I'll add proper commit message in the next patch version.
But from $patch subject, I infer that $patch is adding new feature and not actually fixing something broken?
Earlier the framework was designed to work for only 3-byte opcodes but our controller supports flashes of size greater than 16 MB. As a workaround, FSL QSPI driver used to explicitly send 4-byte opcodes for 3-byte opcodes sent by framework to the flash. Also there used to exist a temporary patch for framework which never got accepted In
upstream.
Now the new framework supports 4-byte opcodes and FSL QSPI driver needs correction. I am not introducing any new feature. I am just fixing the driver to suit the current framework.
With SPL_FLASH_BAR set fsl_qspi driver should never see 4 byte opcodes and should work like it did before. I guess you are disabling SPI_FLASH_BAR?
Please add all details to the commit message and I recommend you to move the driver over to spi-mem as soon as possible.
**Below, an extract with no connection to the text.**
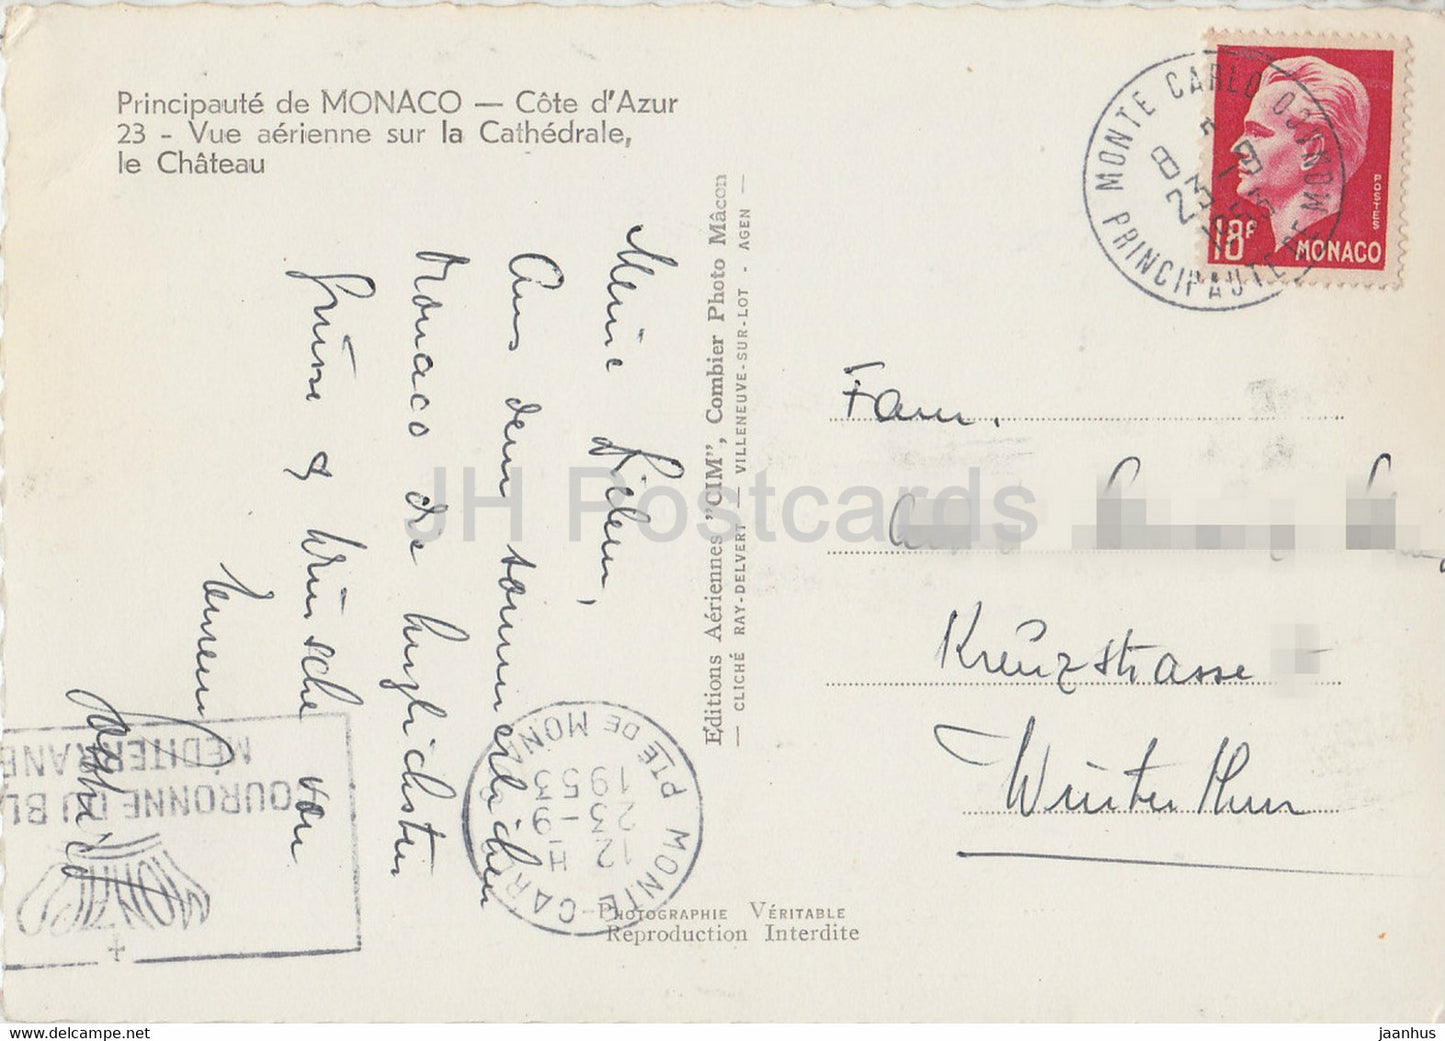 Vue aerienne sur la Cathedrale - Le Chateau - cathedral - castle - old postcard - 1953 - Monaco - used
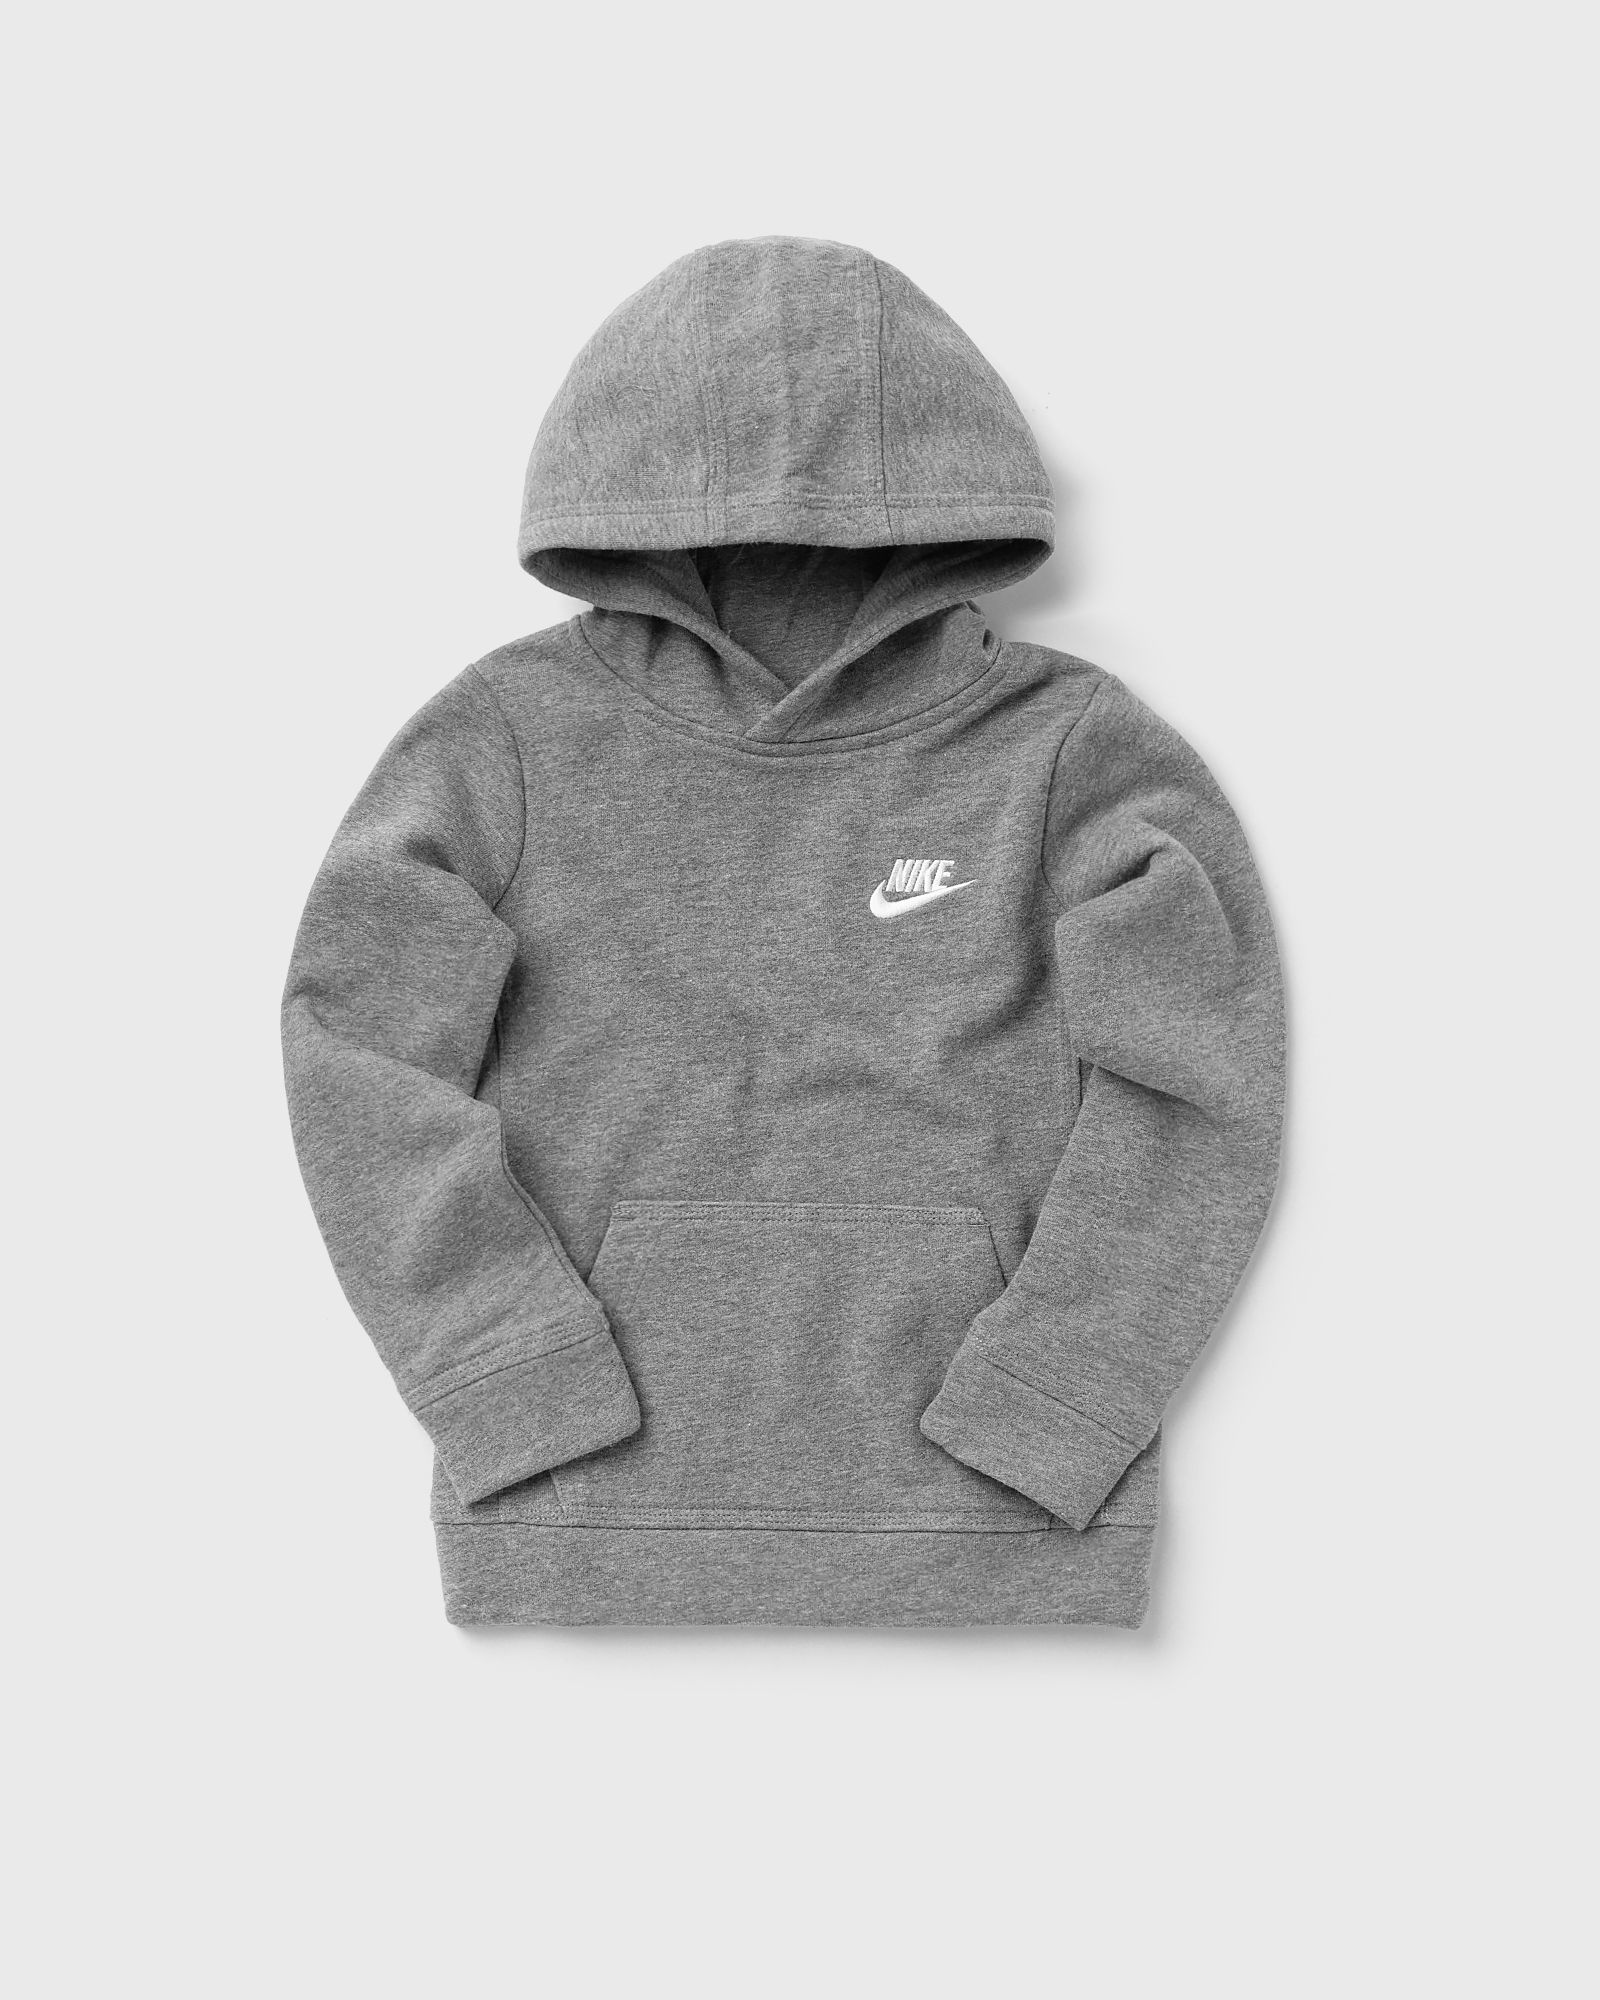 Nike - club fleece po hoodie  hoodies grey in größe:age 6-8 | eu 116-128

Else you would have to keep handling new opcodes in your driver as and when spi-nor-core
changes.
Regards Vignesh
Please let me know your feedback.
Regards Rajat
If so, you should move the driver over to use spi-mem APIs instead of adding more features and hard coding more flash specific commands in
the driver.
This makes driver duplicate more of spi-nor core code. I discourage adding new features w/o moving driver over to spi-mem. IMHO, converting the driver would not be a huge effort. And I believe its already
done in kernel.
I started moving the driver to spi-mem, by porting the kernel driver over to U- Boot. I still have some Kconfig dependency problem for the LS2081 platform (CONFIG_SPI_MEM is not enabled implicitly), that needs to be solved, otherwise it should be more or less ready.
Hi Frieder,
What is the change, it seems it is moving the driver from Linux as it is to uboot ?
Yes, it's moving the current Linux driver to U-Boot with some small compatibility changes and simplifications.
I am not sure how stable is the current Linux driver, since it is not yet tested by FSL/NXP system test team. Last time I tested the current Linux driver(QSPI) it was functional in only 1-1-1 mode. Moving to u-boot may not be good idea at this point of time.
The current mainline Linux driver is a SPI controller driver using the SPI MEM API and it replaced the old SPI NOR driver in Linux 5.1. If nothing went wrong in the upstreaming process, the driver should be just as good as the old one, while bringing all the advantages of the new SPI MEM interface. The driver does support 1-1-1 mode, just like all other modes supported by the QSPI controller.
While upstreaming to the kernel, the driver was tested by Han Xu and Yogesh Gaur.
How do you plan to cater CONFIG_SPI_BAR change in uboot now. Some old board still uses flash that supports CONFIG_SPI_BAR.
The new driver is not a SPI NOR driver, so it does not care about CONFIG_SPI_BAR. It just handels SPI MEM operations created by the upper layer.
Me and Rajat have recently posted patches to fix current u-boot driver to be functional with new frame work pushed by Vignesh, and it serves all the current supported board with and without CONFIG_SPI_BAR.
May be spi-nxp-fspi.c can be a good starting point, but then again I not sure how booting from serial-nand will be taken care in that case.
Please have a look at the SPI MEM and SPI NAND APIs to understand why porting the Linux driver is the right thing to do instead of patching the old driver. By supporting the SPI MEM API, the driver will implicitly allow to interface SPI NAND chips.